The real question of interest in this session seemed to be the "rightsizing" of guests - giving each guest just enough memory to optimize the performance of the system as a whole. Google is also interested in this problem, though it is using cgroup-based containers instead of full virtualization. It comes down to figuring out what a process's minimal working set size is - a problem which has resisted attempts at solution for decades.

Mel Gorman proposed one approach to determine a guest's working set size. Place that guest under memory pressure, slowly shrinking its available memory over time. There will come a point where the kernel starts scanning for reclaimable pages, and, as the pressure grows, a point where the process starts paging in pages which it had previously used. That latter point could be deemed to be the place where the available memory had fallen below the working set size. It was also suggested that page reactivations - when pages are recovered from the inactive list and placed back into active use - could also be the metric by which the optimal size is determined.

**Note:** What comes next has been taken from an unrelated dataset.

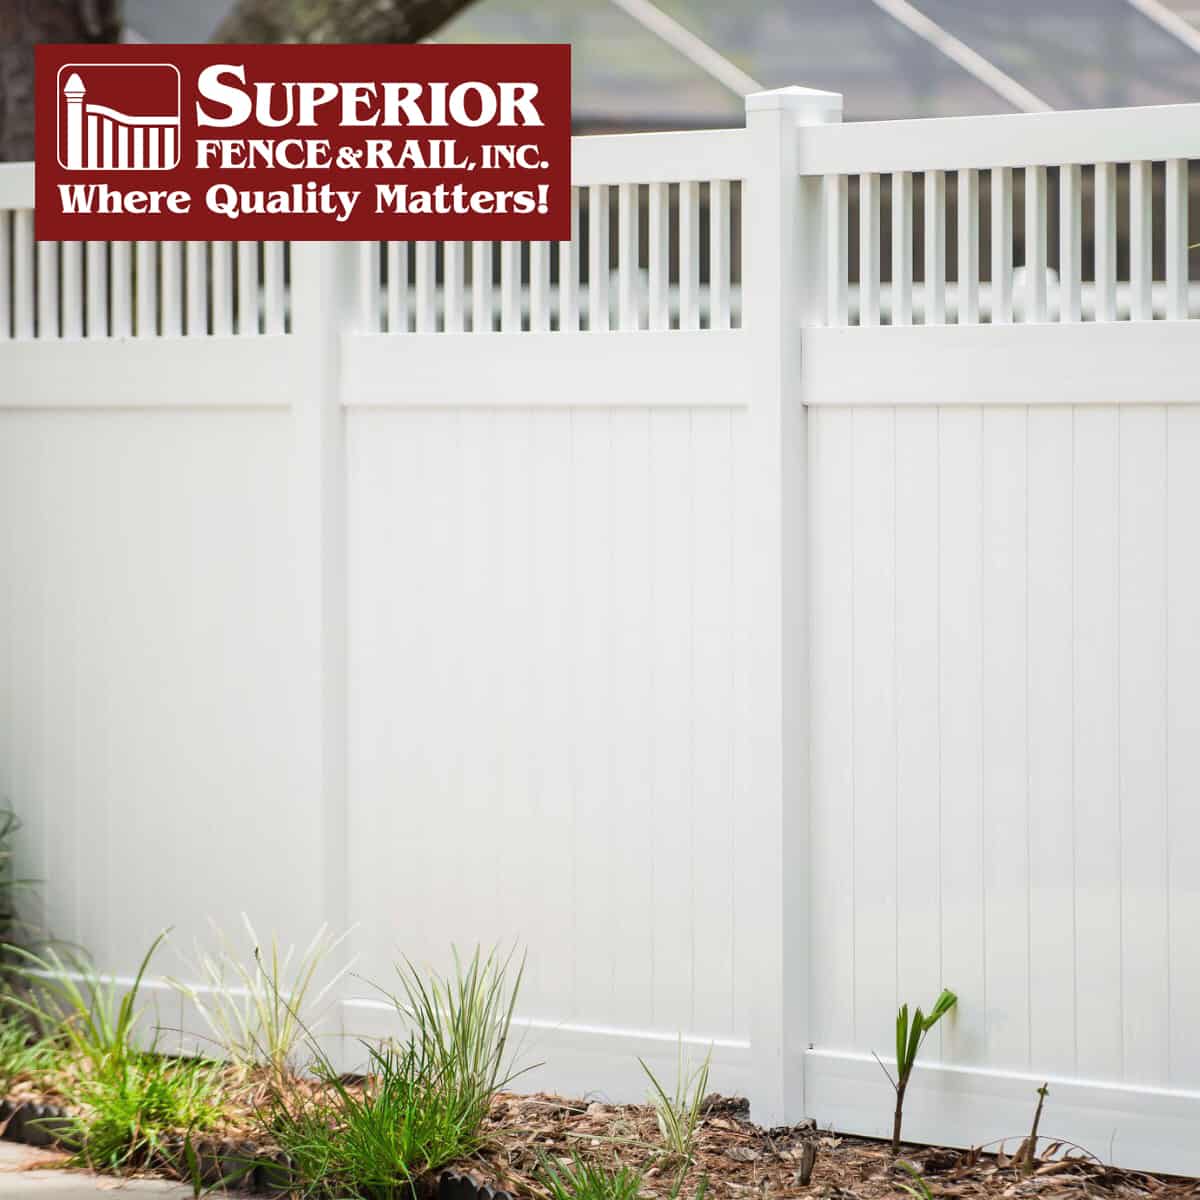 Saint Peters Fence Company Contractor

Nick Piggin was skeptical of such schemes, though. He gave the example of two processes, one of which is repeatedly working through a 1GB file, while the other is working through a 1TB file. If both processes currently have 512MB of memory available, they will both be doing significant amounts of paging. Adjusting the memory size will not change that behavior, leading to the conclusion that there's not much to be done - until the process with the smaller file gets 1GB of memory to work with. At that point, its paging will stop. The process working with the larger file will never reach that point, though, at least on contemporary systems. So, even though both processes are paging at the same rate, the initial 512MB memory size is too small for one process, but is just fine for the other.

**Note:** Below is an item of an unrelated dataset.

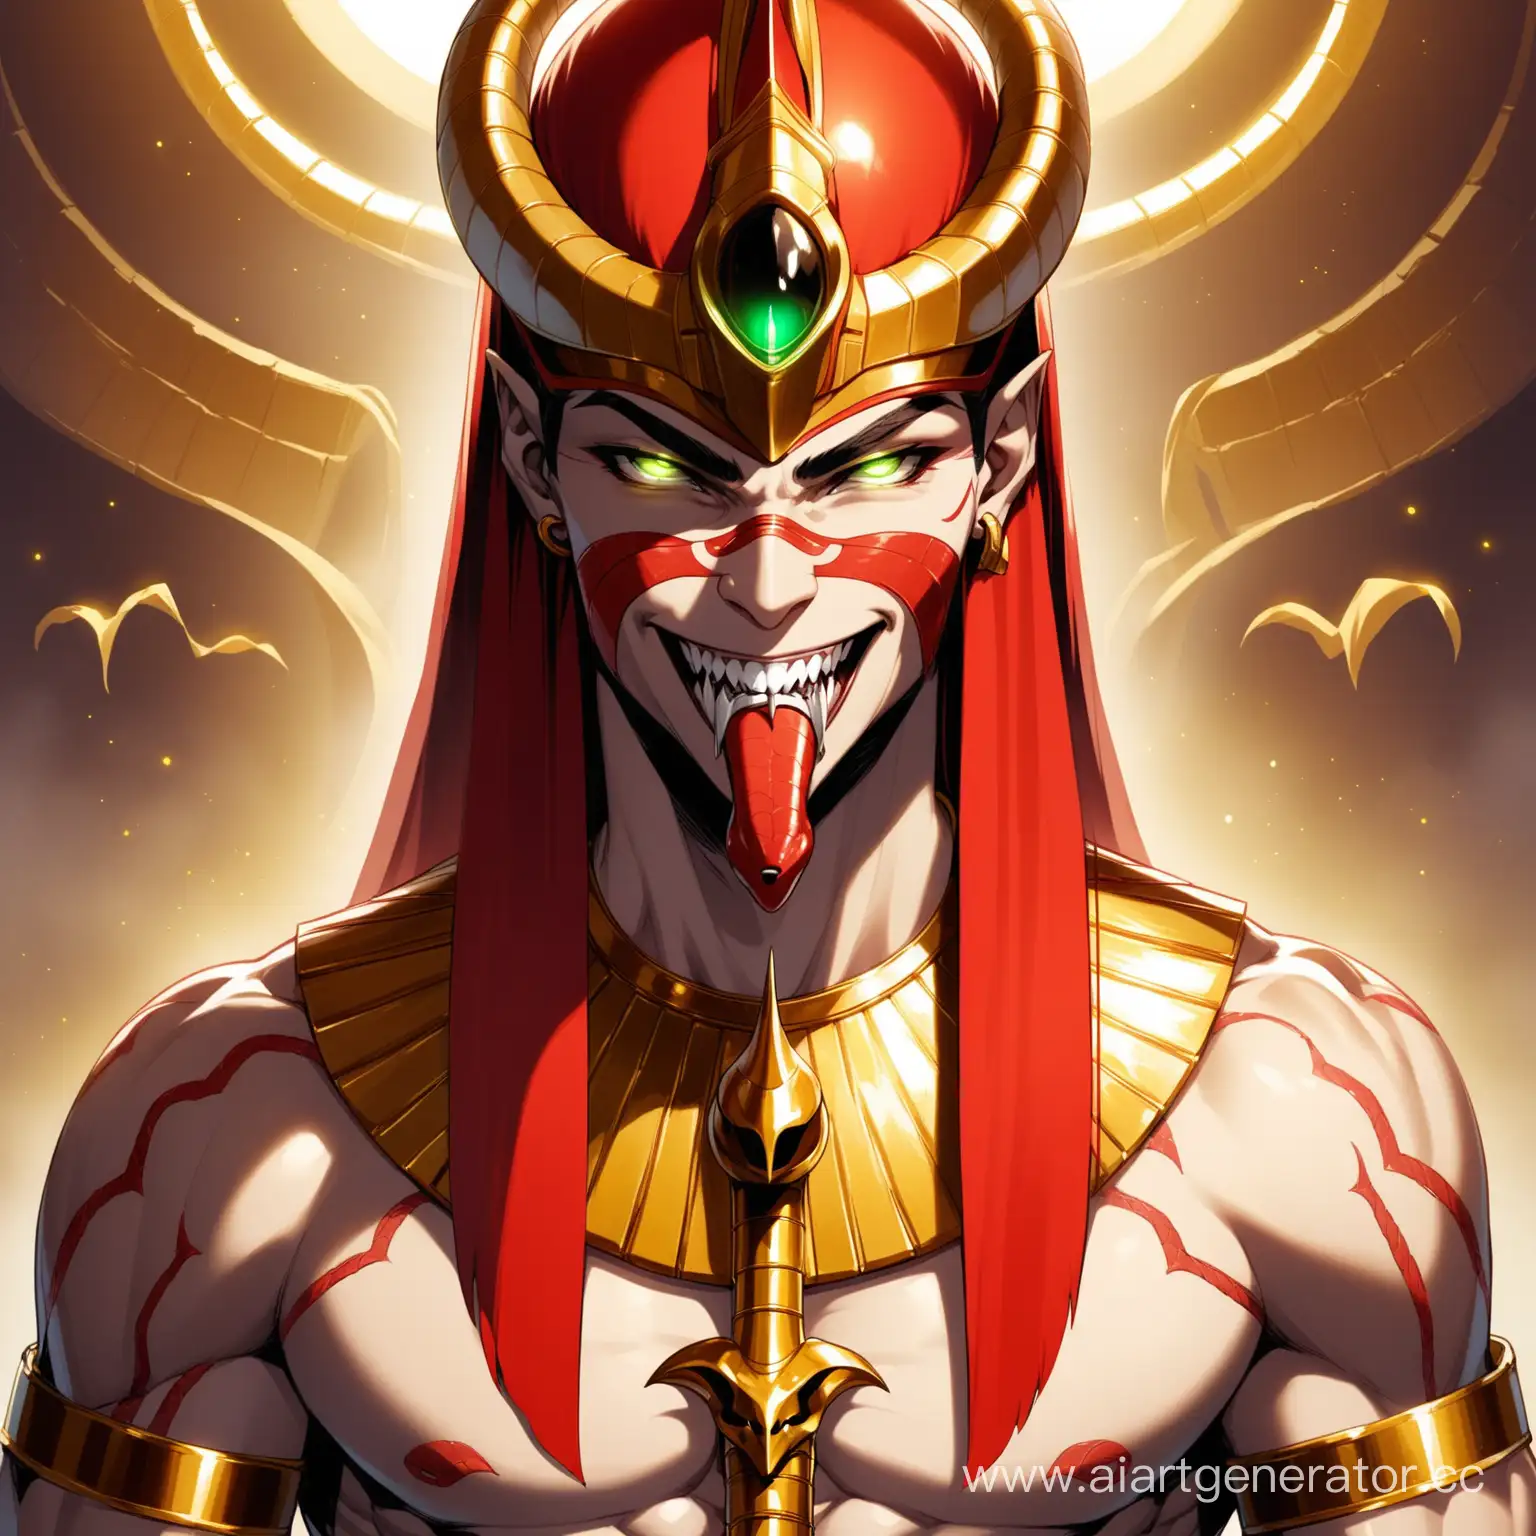 Egyptian-Deity-with-Serpent-Helm-and-Fanged-Smile

The fact that the problem is hard has not stopped developers from trying to improve the situation, though, so we are likely to see attempts made at dynamically resizing guests in an attempt to work out their optimal sizes.

I/O bandwidth controllers

Vivek Goyal led a brief session on the I/O bandwidth controller problem. Part of that problem has been solved - there is now a proportional-weight bandwidth controller in the mainline kernel. This controller works well for single-spindle drives, perhaps a bit less so with large arrays. With larger systems, the single dispatch queue in the CFQ scheduler becomes a bottleneck. Vivek has been working on a set of patches to improve that situation for a little while now.

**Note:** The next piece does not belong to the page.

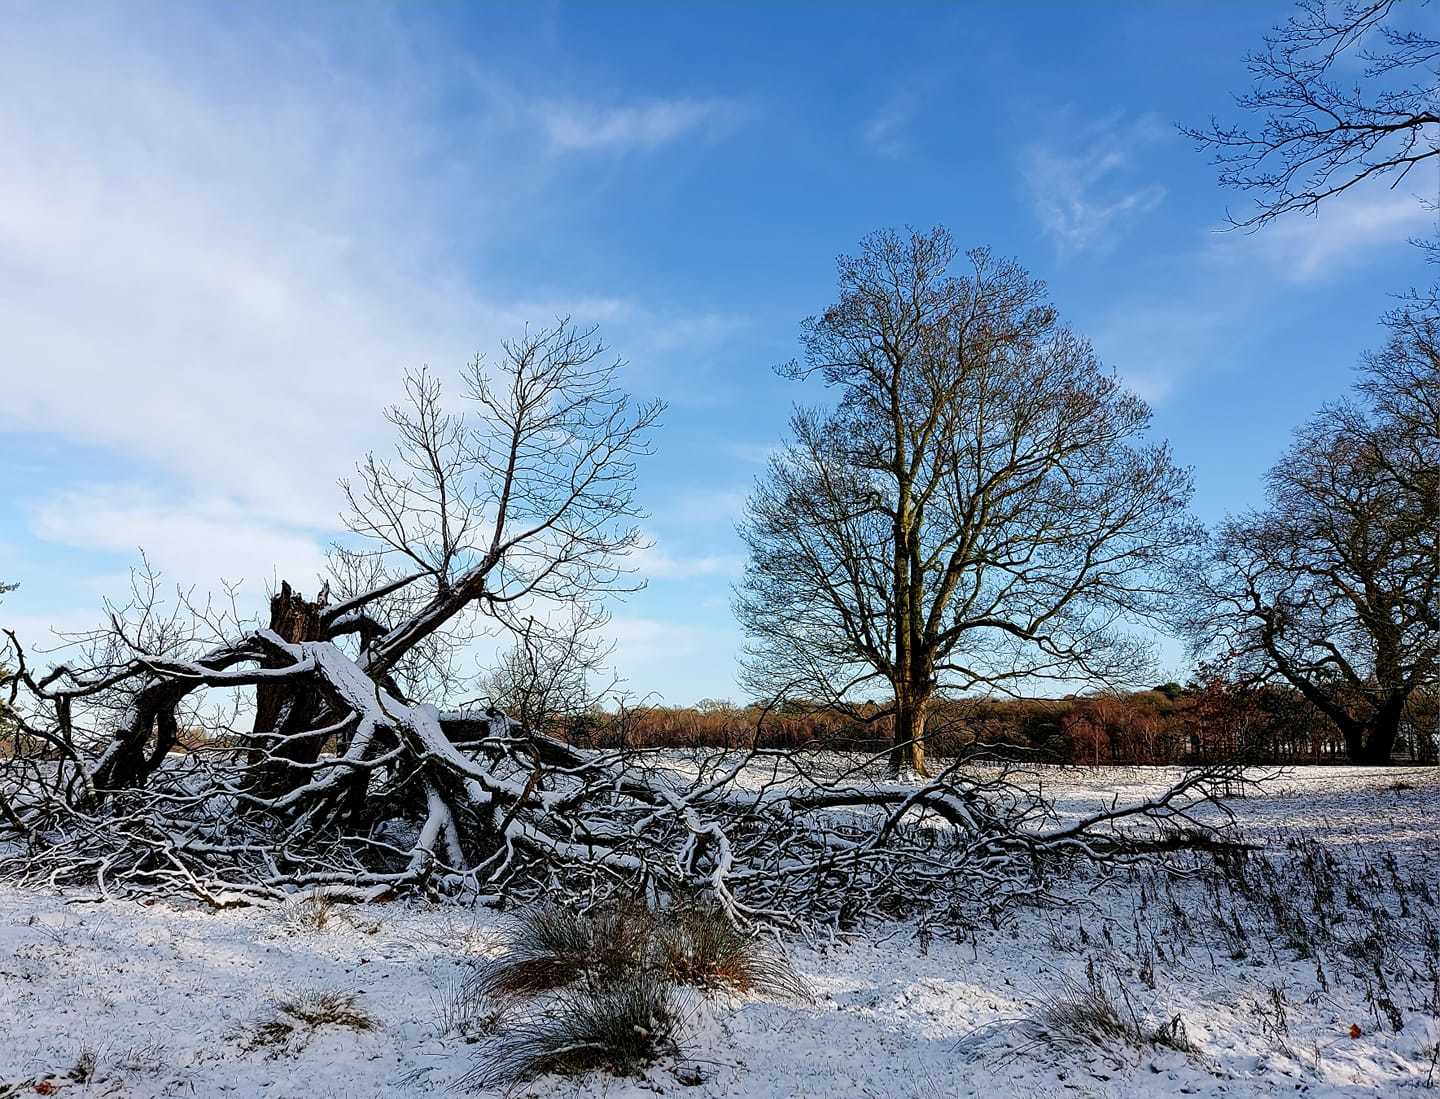 A fallen tree covered with snow in Tatton Park by Miriam Elder

The real challenge, though, is the desired maximum bandwidth controller. The proportional controller which is there now will happily let a process consume massive amounts of bandwidth in the absence of contention. In most cases, that's the right result, but there are hosting providers out there who want to be able to keep their customers within the bandwidth limits they have paid for. The problem here is figuring out where to implement this feature. Doing it at the I/O scheduler level doesn't work well when there are devices stacked higher in the chain.

One suggestion is to create a special device mapper target which would do maximum bandwidth throttling. There was some resistance to that idea, partly because some people would rather avoid the device mapper altogether, but also due to practical problems like the inability of current Linux kernels to insert a DM-based controller into the stack for an already-mounted disk. So we may see an attempt to add this feature at the request queue level, or we may see a new hook allowing a block I/O stream to be rerouted through a new module on the fly.

The other feature which is high on the list is support for controlling buffered I/O bandwidth. Buffered I/O is hard; by the time an I/O request has made it to the block subsystem, it has been effectively detached from the originating process. Getting around that requires adding some new page-level accounting, which is not a lightweight solution.

Reclaim topics

Back in the memory management track, a number of reclaim-oriented topics were covered briefly. The first of these is per-cgroup reclaim. Control groups can be used now to limit total memory use, so reclaim of anonymous and page-cache pages works just fine. What is missing, though, is the sort of lower-level reclaim used by the kernel to recover memory: shrinking of slab caches, trimming the inode cache, etc. A cgroup can consume considerable resources with this kind of structure, and there is currently no mechanism for putting a lid on such usage.

Zone-based reclaim would also be nice; that is evidently covered in the VFS scalability patch set, and may be pushed toward the mainline as a standalone patch.

Reclaim of smaller structures is a problem which came up a few times this afternoon. These structures are reclaimed individually, but the virtual memory subsystem is really only concerned with the reclaim of full pages. So reclaiming individual inodes (or dentries, or whatever) may just serve to lose useful cached information and increase fragmentation without actually freeing any memory for the rest of the system. So it might be nice to change the reclaim of structures like dentries to be more page-focused, so that useful chunks of memory can be returned to the system.

The ability to move these structures around in memory, freeing pages through defragmentation, would also be useful. That is a hard problem, though, which will not be amenable to a quick solution.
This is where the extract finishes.